▶ [Your goal] Note the line containing "glitterguts portrait booth"; from it through the last line below, give only those lines again, exactly, both ends included, skipping pictures.

▶ [Material provided]
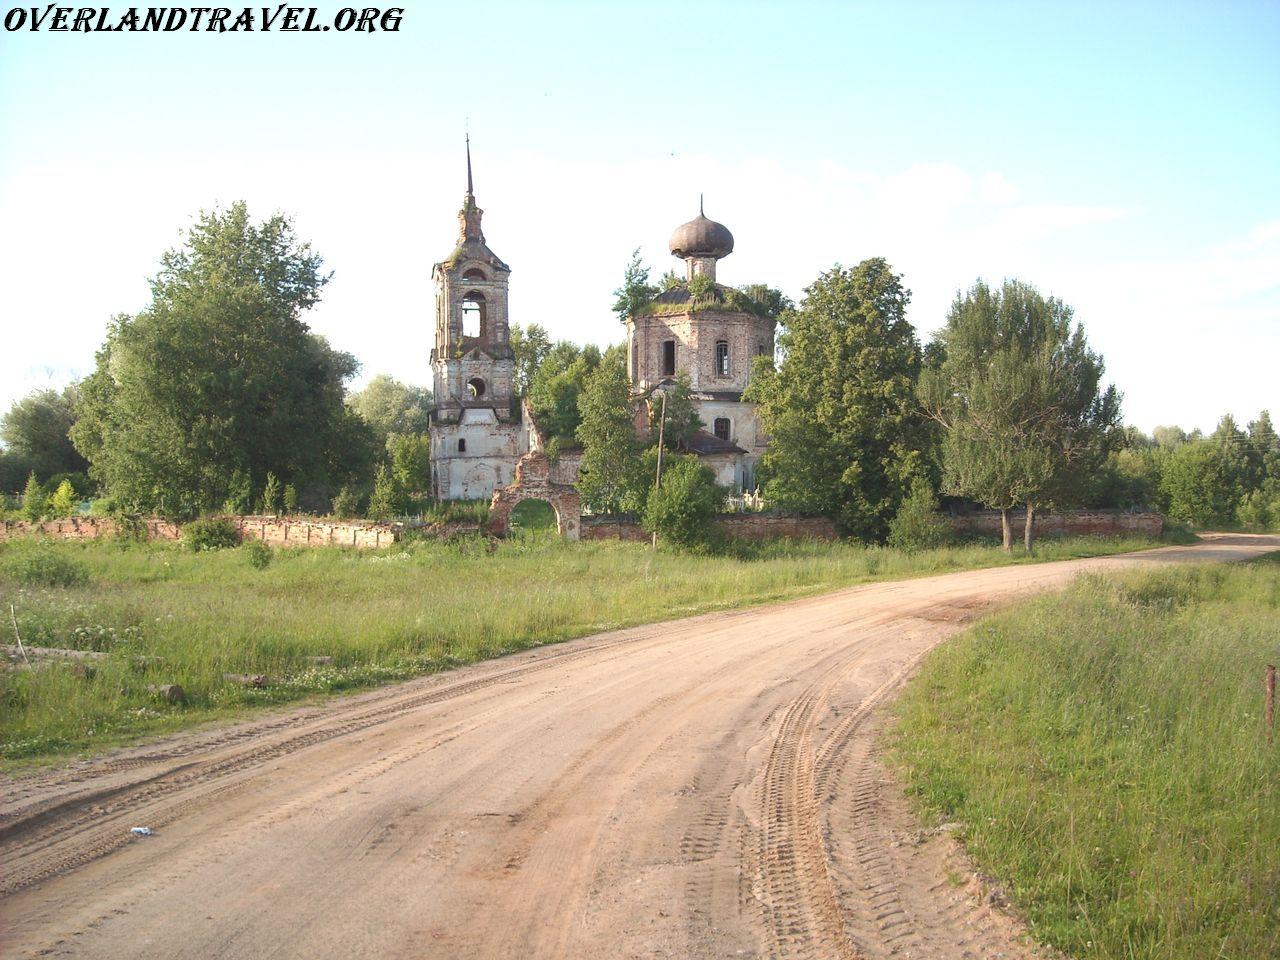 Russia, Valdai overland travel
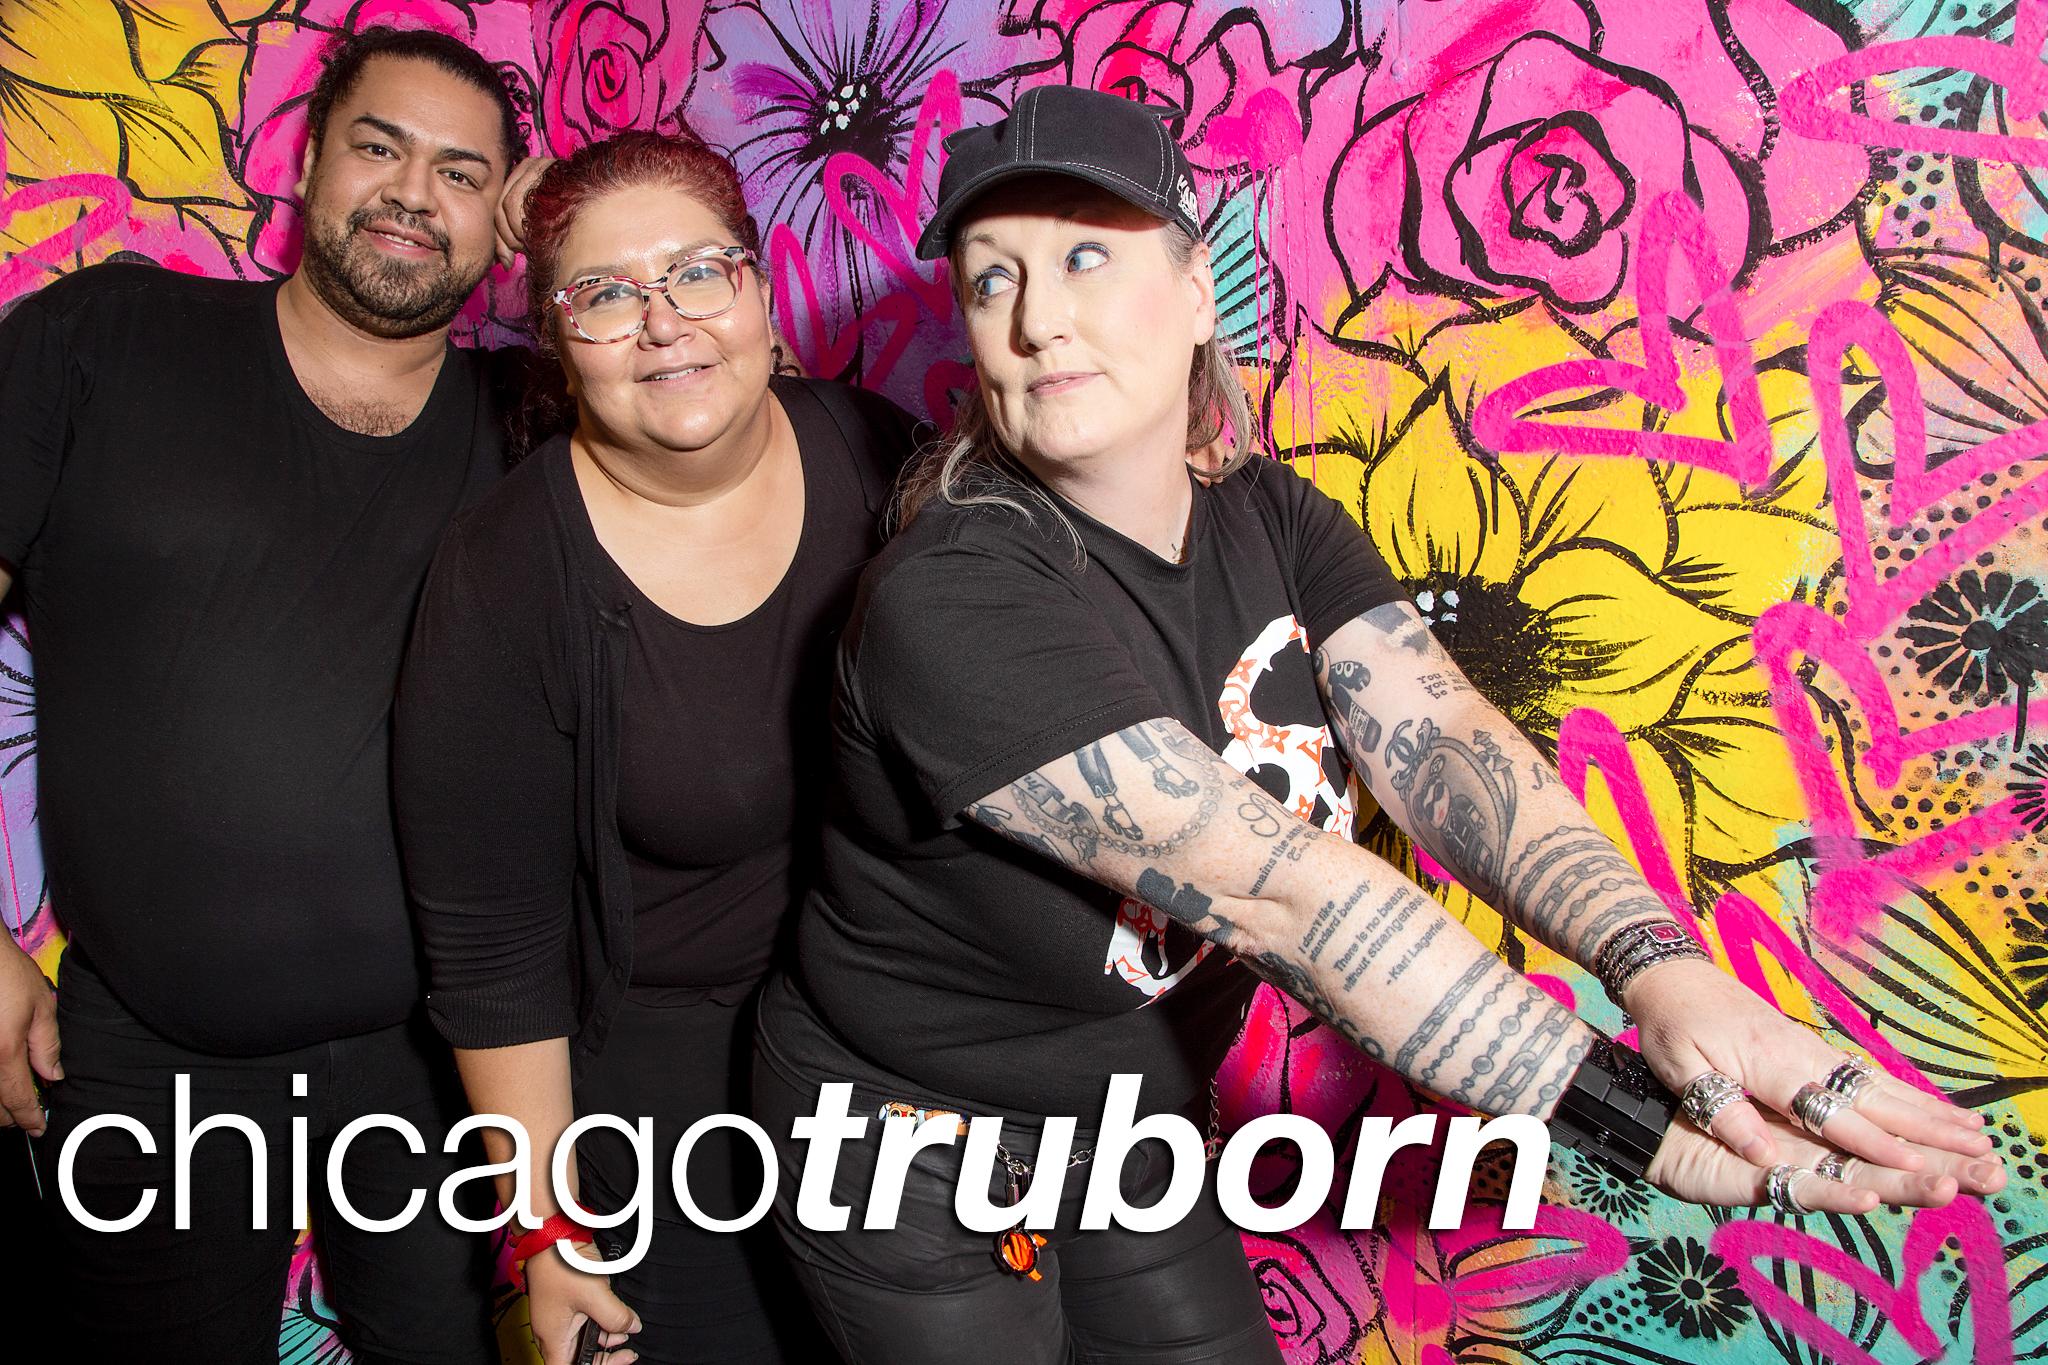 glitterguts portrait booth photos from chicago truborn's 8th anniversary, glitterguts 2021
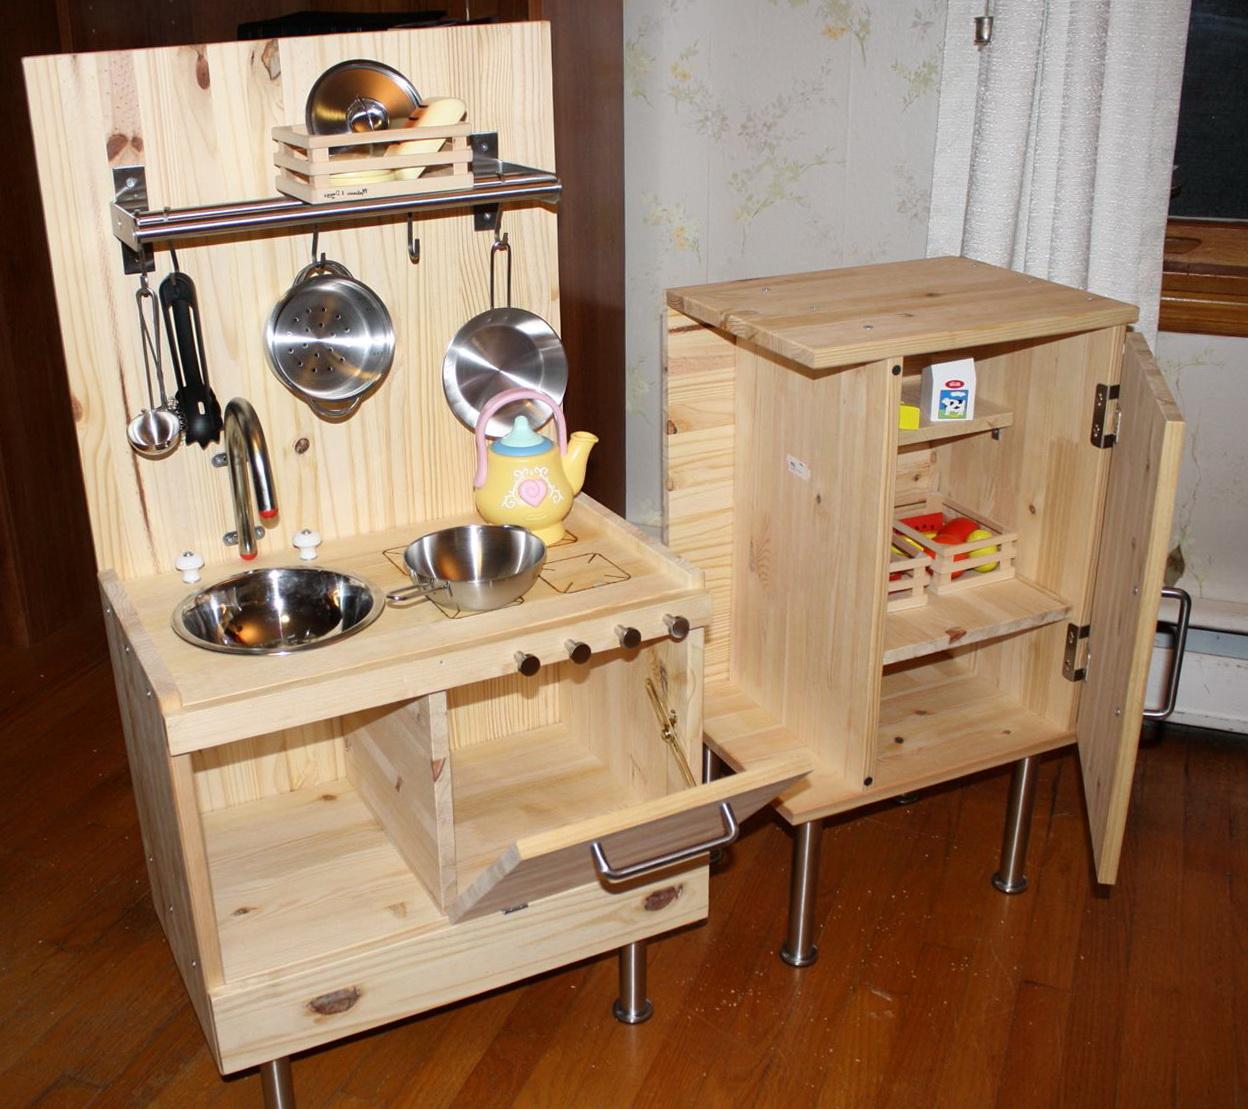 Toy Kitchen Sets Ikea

▶ [Task solution]
 glitterguts portrait booth photos from chicago truborn's 8th anniversary, glitterguts 2021
 Toy Kitchen Sets Ikea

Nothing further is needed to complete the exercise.